Accomplishments and limitations of abortion legislation
To many Uruguayans, the 2012 law has a bittersweet taste of moving one step forward and two steps backward. The conditions do not fully recognize a woman’s autonomy over reproductive matters and criminalize abortions that do not meet the rigid constraints. First, the law authorizes abortions for up to 12 weeks of pregnancy, and 14 weeks in case of rape upon filing a sexual assault complaint. The latter requirement risks a psychological toll on victims and survivors of rape who do not want to disclose the assault. Second, the law defines restrictive requirements including meeting a gynecologist, social worker, and mental health professional followed by a five-day reflection period before the procedure is performed, exclusively, by a gynecologist. Beyond being burdensome for women, this condition largely diminishes the number of professionals allowed to perform the procedure.
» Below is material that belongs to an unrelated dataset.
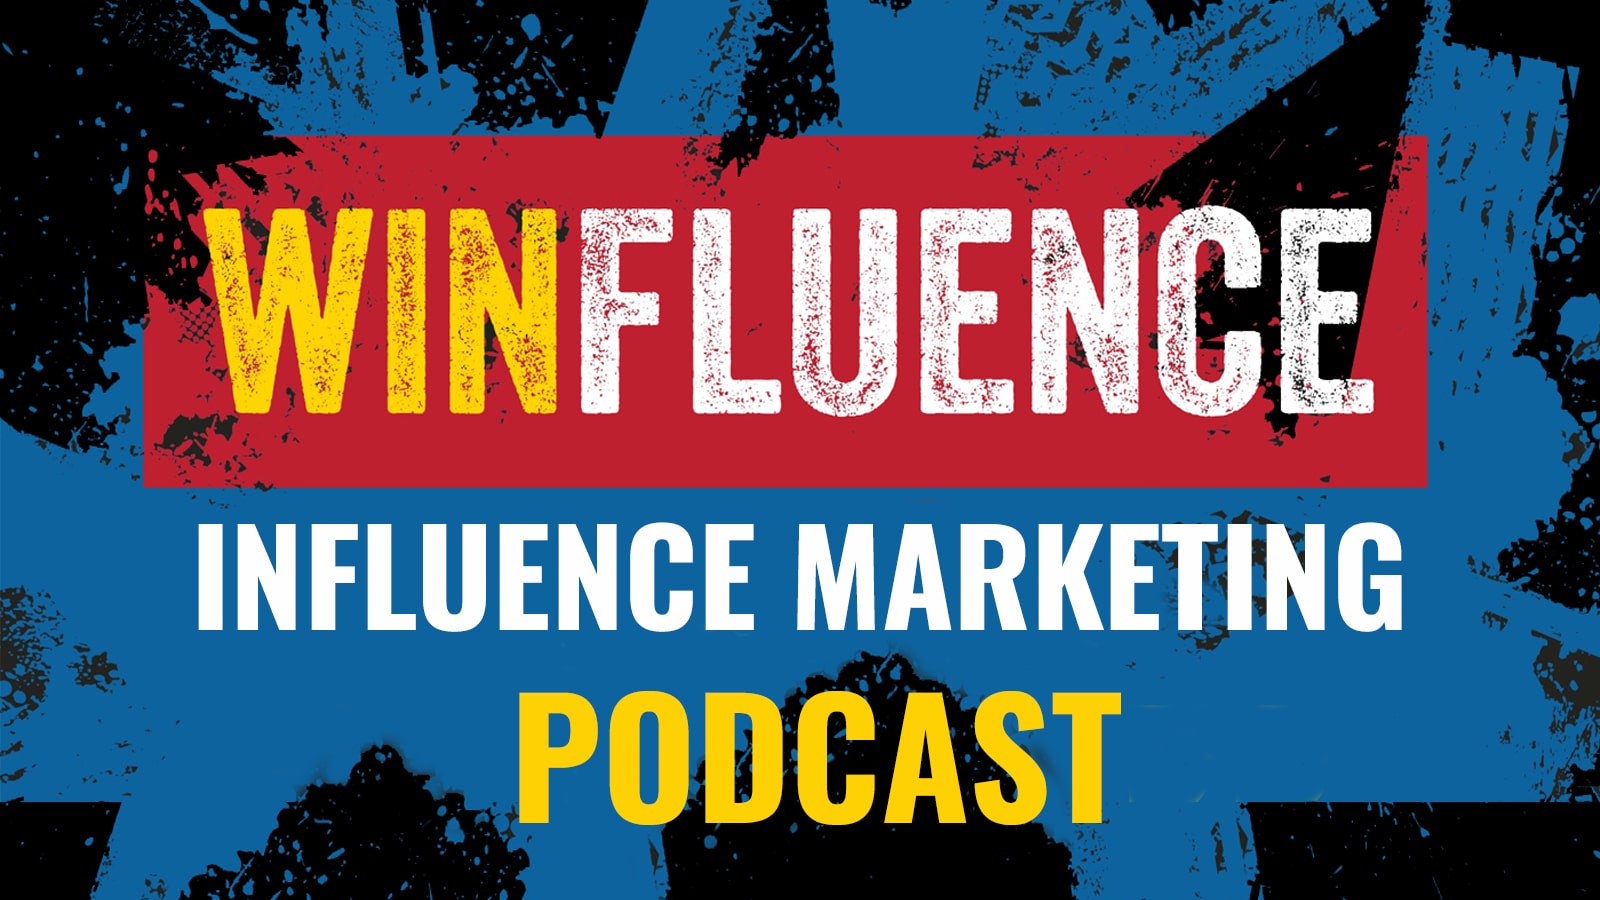 Winfluence - The Influence Marketing Podcast Header

Additionally, the law includes a notion of conscientious objection enabling not only individual practitioners but health institutions to deny the service. Evidence shows that 30% of gynecologists have refused to offer the service. Third, while the law makes abortions free of charge under the public health system, it discourages providers who see no economic benefit in offering the services. Finally, the text explicitly changes the focus from women’s rights to a rhetoric on procreation, value of life, and motherhood. This framing falls short in recognizing women’s rights to autonomy over their reproductive lives and reinforces stigma towards those who choose to have an abortion. Overall, these requirements imply that women who do not meet the legal conditions risk going to jail or endanger their health when resorting to unsafe abortions. In fact, in 2015, three women were prosecuted, and two of them imprisoned for the crime of abortion. Only in 2016, a woman aged 21 died from an unsafe abortion—the second maternal death due to clandestine abortions since the law was adopted.
Conclusion
The 2012 law marks a compromise in the turbulent politics of abortion. It highlights the significance of alliances in legitimizing and strengthening efforts for policy change. Political consensus and shocks driven by elections and conflict within coalitions are just a few elements that sparked opportunities for decriminalization. Driven by policy entrepreneurs, such as President Mujica and Representative Posadas, these elements set a blueprint for compromise. Consequently, decades of advocacy and collective efforts pushed abortion legislation forward. Yet, the political struggle will continue as the current President Luis Lacalle Pou signals a pro-life agenda, and the feminist movement fights to decriminalize abortions.